Moreover, it is possible that for large populations of subjects, there could be a high degree of churn. Churn indicates earlier subjects being deleted from the population as newer subjects are entering the population. For example, a high degree of population churn would remove a relatively large number of earlier subjects to a population (dataset) while adding a large number of newer subjects. Churn may cause fairness assessment models trained on earlier versions of a population to become obsolete. In one embodiment, for fairness assessments with a high degree of population churn, it may not be appropriate to continue fairness assessments based on new data coming in, if in fact the parameters learned previously (e.g., weeks, months, or years ago) from a (substantially) different population makeup are still being employed. For this scenario, it may be automatically detected that earlier training data is becoming obsolete due to some dynamic evolution of the population and system operators notified that it is time to re-train because the earliest entrants in the population are disappearing or otherwise no longer relevant. Additional detail on automatic detection and notification that a trained model is becoming obsolete due to evolution of a dataset is provided in U.S. patent application Ser. No. 17/368,840, filed Jul. 7, 2021 and entitled “Automatically Adapting a Prognostic-Surveillance System to Account for Age-Related Changes in Monitored Assets”.

In one embodiment, the fairness assessment systems and methods described herein can detect and quantify trends towards fairness or unfairness. Thus, even where there is not enough data yet to make the binary-hypothesis “Fairness” (null hypothesis H0) vs. “Unfairness” (bias hypothesis H1) determination at the pre-specified confidence factors, the fairness assessment system can report that progress is being made toward achieving compliance (but that additional data is needed).

—Examples of Unfairness Detectable by Fairness Assessment—

A selection of examples of algorithmic inequity, bias, unfairness, financial abuse, and discrimination that could have been detected at the onset of unfairness by one embodiment of the fairness assessment systems and methods described herein is provided below.
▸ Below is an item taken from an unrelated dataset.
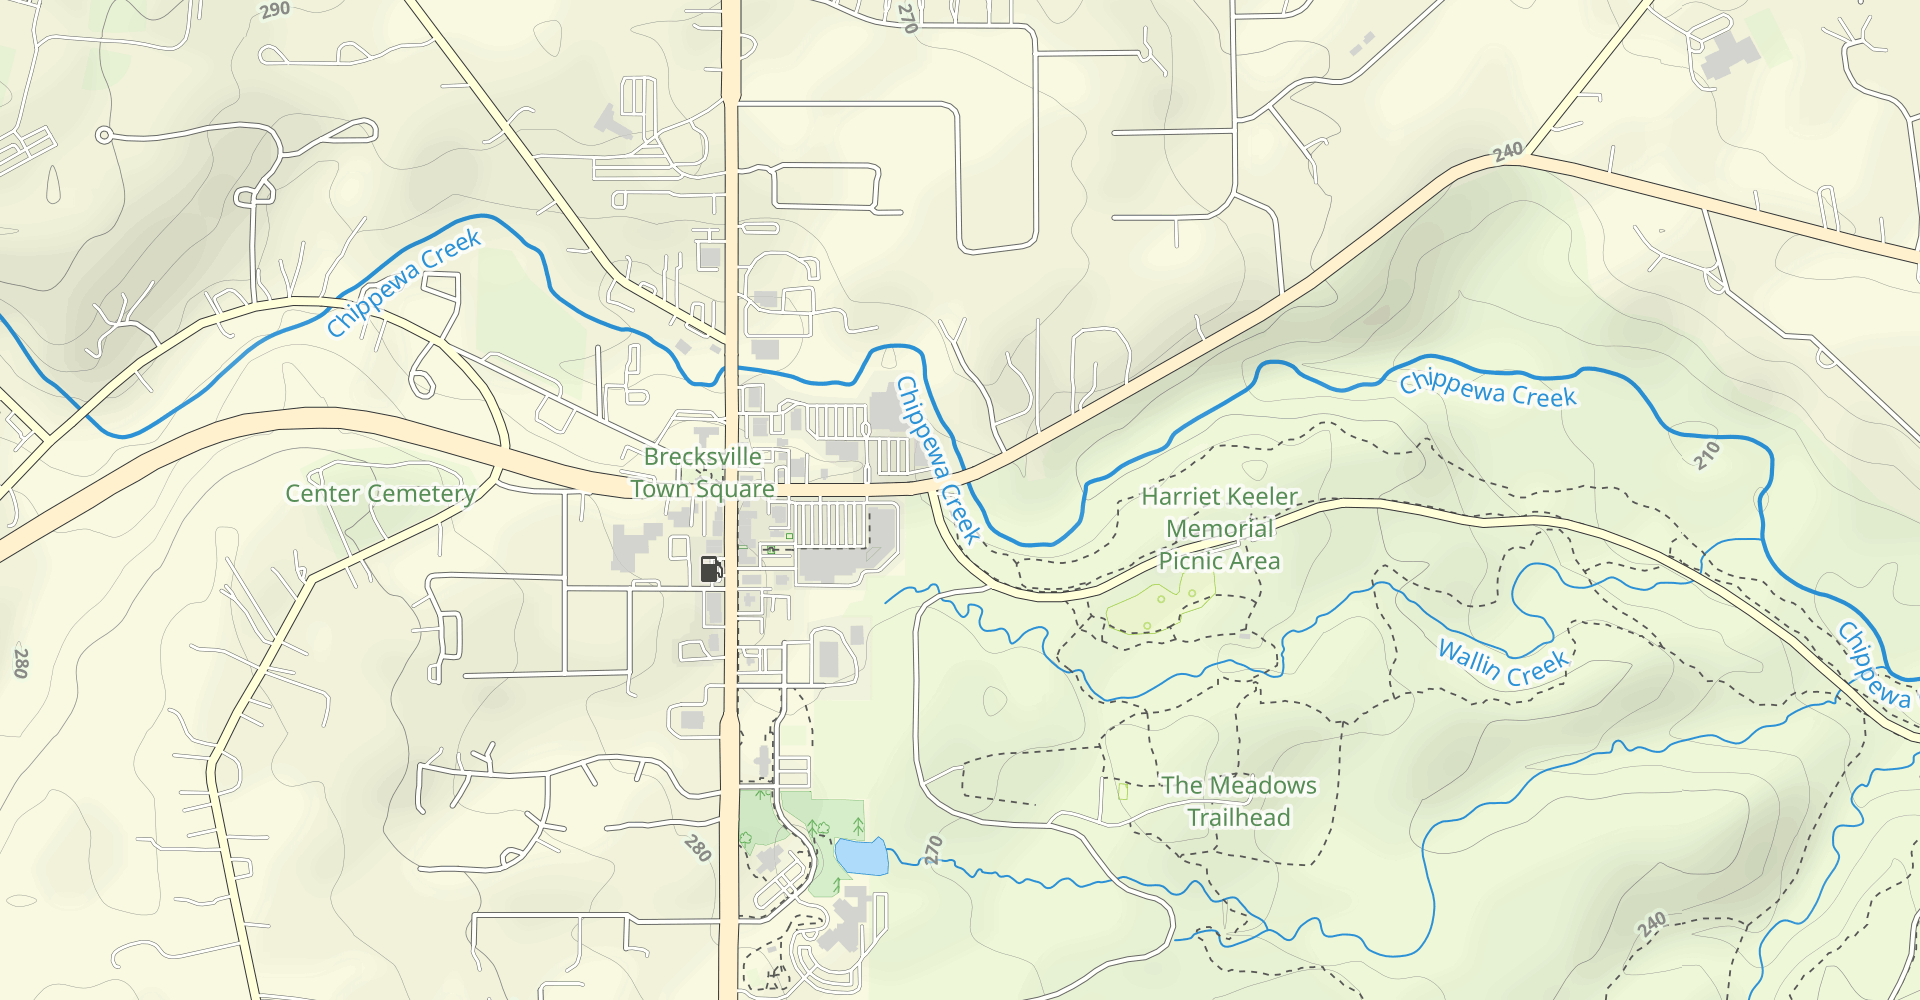 Hemlock and All Purpose Trail Loop from Chippewa Creek Gorge Overlook

These examples are where conventional non-time-series classification tools and time-series outlier Detection tools (both univariate and multivariate) would fail, but which the fairness assessment systems and methods described herein will catch the onset of discrimination bias. For example, the detection by the fairness assessment systems and methods described herein may occur efficiently, with early detection, and ultra-low FAPs/MAPs.
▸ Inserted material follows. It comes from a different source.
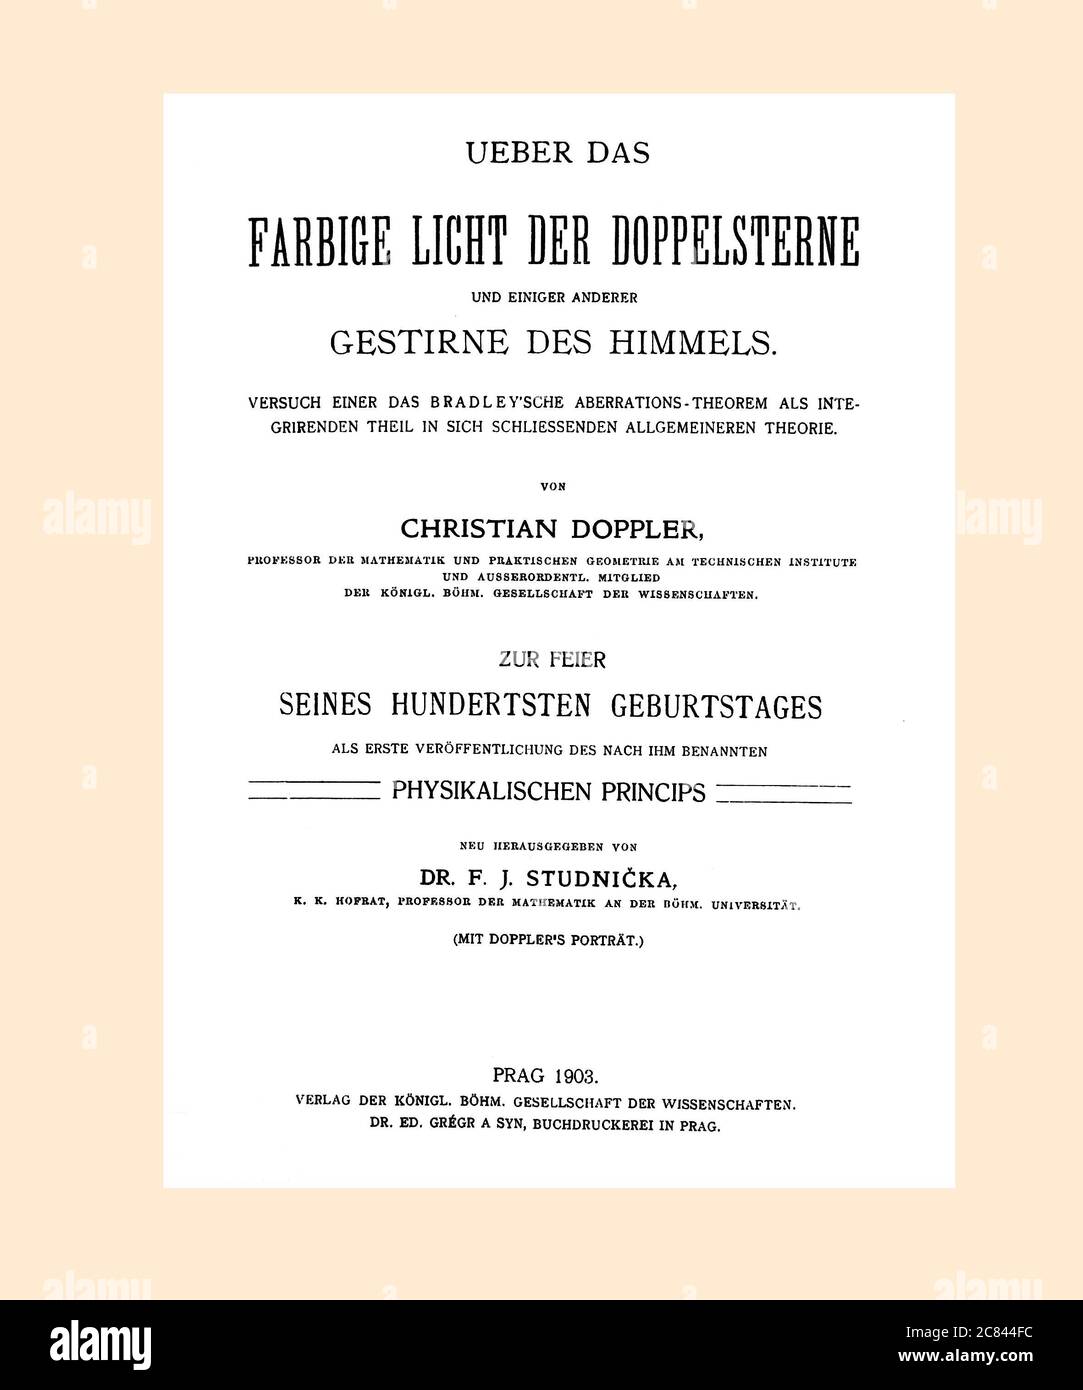 Christian Doppler Ueber das Farbige Licht der Doppelsterne Refreshed and Reset Stock Photo

While in examples (a), (b), and (c) the bias or unfairness seems evident, in one embodiment, the fairness assessment systems and methods described herein would catch the bias at its onset. For example, if the examples (a) (b) (c) started out with zero bias and then very gradually dialed in a bias, in one embodiment the fairness assessment system would detect the bias practically as soon as it was present in the transaction data. Thus, in one embodiment, the fairness assessment system would detect the following bias situations at their onset:

    • a) It was reported in news outlets that it was discovered that a manufacturer of disposable razors were made with identical manufacturing assets, processes, and in the same factories, but some were colored blue and some pink. Customers of the pink ones were charged 50% more than customers of the blue ones.
    • b) It was widely observed that the dry cleaning industry would use exactly the same processes to clean all shirts with buttons and collars. However, women having their “blouses” cleaned were charged twice as much as men having their “shirts” cleaned.
    • c) In early days of ECommerce, it was discovered that some large retailers would analyze browser cookies to tell if the customer was using one type or another of computing device. The user of a premium computing device would be charged 10% more for exactly the same items (with the reasoning that the users of the premium computer might have a few more dollars to spend).
    • d) It was discovered thru retrospective analyses of 3 years of rental statistics of a major broker of rental accommodations that the rate of acceptances/rejections for rentals was definitely correlated to FirstName-LastName tuples, leading to large class action lawsuits and huge sanctions. Now, requests to rent properties through the broker's services exclude first/last names, so property owners worldwide do not get to see the first/last names for requests to rent their properties.
    • e) It was discovered by a large retrospective analysis of hospital admissions for various dangerous conditions, and hospital deaths for multiple conditions, there was a distinct difference in the statistics for networks of public hospitals and the statistics for the government-administered hospitals for veterans. An audit of the government-administered hospital network uncovered a criminal practice of keeping “double books” for veterans presenting with symptoms of dangerous conditions. In actuality the actual admissions were delayed by weeks or months due to bureaucracy and mismanagement, but the fraudulent books would show all such patients being admitted promptly. The latter books were the ones presented regularly to government oversight agencies to hide the fraud, suffering, and deaths by those who served the country.
    • f) Large Ponzi schemes, including multi-billion-dollar cryptocurrency crashes where intelligent bad actors were very subtly incrementally altering the “collateral pool transactions” needed for cryptocurrency exchanges.
    • g) Equities and commodity “pump and dump” schemes resulting in billions of dollars of losses.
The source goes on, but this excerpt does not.